There has been also discussion in Linuxham mailing list on the SOM decoder.
Several people have shared ideas on how we could improve CW recognition / decoding using different approaches, like  Hidden Markov Models   and Scale Invariant Transforms.

My focus in this work has been to improve CW decoding in the presence of noise. However, there are multiple other problems to solve in the CW decoding space. Here are some examples: 

  • Decoding CW from those irregular fists and all the bug users that have very short dits and long dahs, way different than the standard 1:3  dit:dah timing ratio
  • Decoding variable speed  CW  - I have heard stations who give other station's call sign manually at 15 WPM  and  give rest of the message from elbug memory at 25 WPM. For human operators this may be OK if the message is standard exhange like RST and serial number. However, for decoding software this rapidly varying speed may be a problem.
  • Decoding multiple CW stations simultaneously - all with different SNR, speed and timing.
The timing problem is obviously also quite important as there are still many hams working CW manually and timing errors can also be generated by noise, operating practices etc.

I added some debugging code to FLDIGI to be able to extract the timing of decoded characters.  Figure 3 below shows the distribution of "dits" and "dahs" taken from the above 9 computer generated noisy wav files.  The speed in the above example is 24 WPM  so  "dit" length should be 1.2/24 = 50 ms.  Accordingly  "dah" length should be 150 ms.

As you can see from figure 3   noise creates jitter in timing.  The sample size was only 267 decoded characters but you can already observe a bell shaped normal distribution being formed below.

Figure 3.  Dit/Dah timing histogram (horizontal axis in milliseconds). 

You can also see some outliers around 250 ms and 350 ms area. We have  4/267 outliers in 250 ms range and 2/267 in 350 ms range.  We are talking about  6/267  cases so approximately   2.2%  of incorrectly decoded characters due to noise in this sample of 267 characters.

 When looking at these outliers I found  letter Q misinterpreted as W  in the first CQ  sequence:

Case 1:
== duration (ms)==== CHAR
164 62  158 60 0 0 0 C     //  dah dit dah dit = "C"
156 172 258 0  0 0 0 W     //  dit dah dah   = "W" (should be "Q")
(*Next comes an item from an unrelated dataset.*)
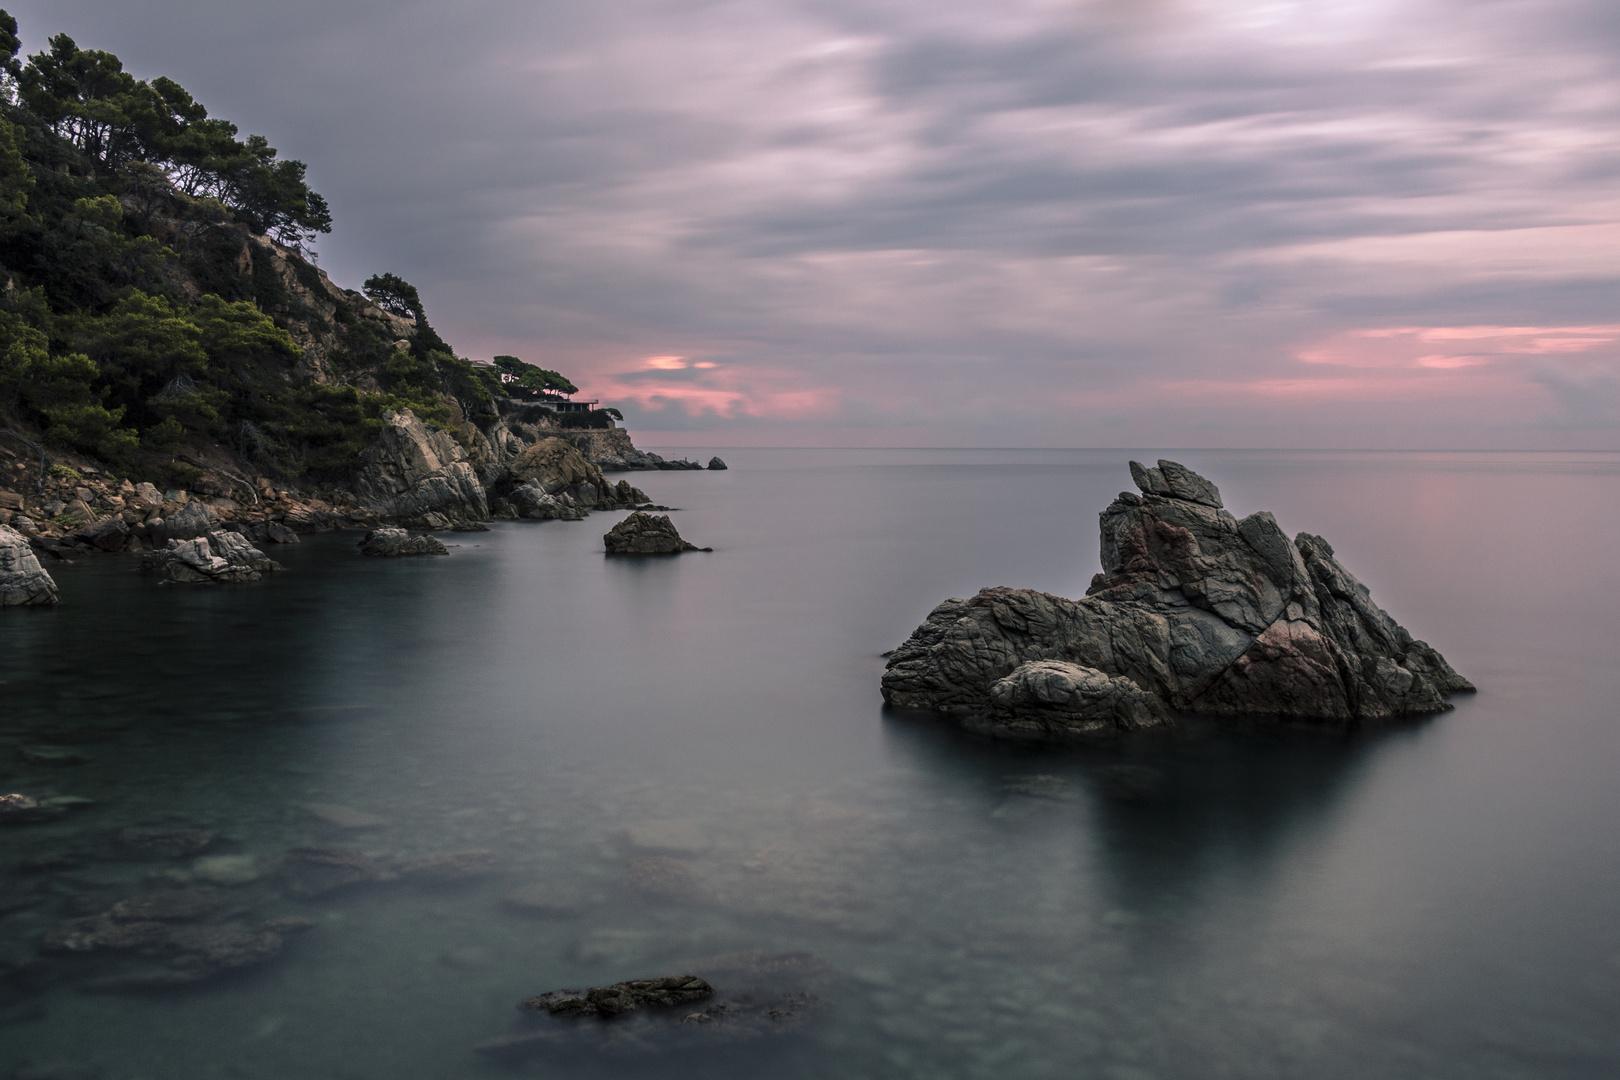 Sonnenaufgang in Lloret de Mar

SOM algorithm looked at this pattern and tried to find best match to what looks like   dit - dah - dah  sequence (W) after normalization.  However,   what apparently happened here was that  letter  Q  ( dah - dah - dit - dah)  got scrambled by noise and the last dit - dah was merged to one extra long dah with 258 ms duration. 

Below is another example.  W1HKJ  was misdecoded as  WFHKJ. When looking at the details it looks like a noise spike merged two 'dahs' into one extra long  'dah' with 360 ms duration.

Case 2:
== dit/dah duration (ms) = CHAR
70  164 154 0   0 0 0 W
58  152 360 158 0 0 0 F       //  dit-dit-dah-dit   = "F" (should be "1")
62  56  56  50  0 0 0 H
162 76  160 0   0 0 0 K
70  158 158 170 0 0 0 J

These examples above give some hints how to improve SOM decoder even further.  Right now  SOM decoder treats every character separately.  After normalization it just tries to find "Best Matching Unit"  (BMU) based on input vector  (dit/dah durations) by calculating Euclidian distance to codebook entries.  The codebook entry with minimum distance is the "winner". In the current version the SOM codebook is fixed and does not use SOM learning algoritms.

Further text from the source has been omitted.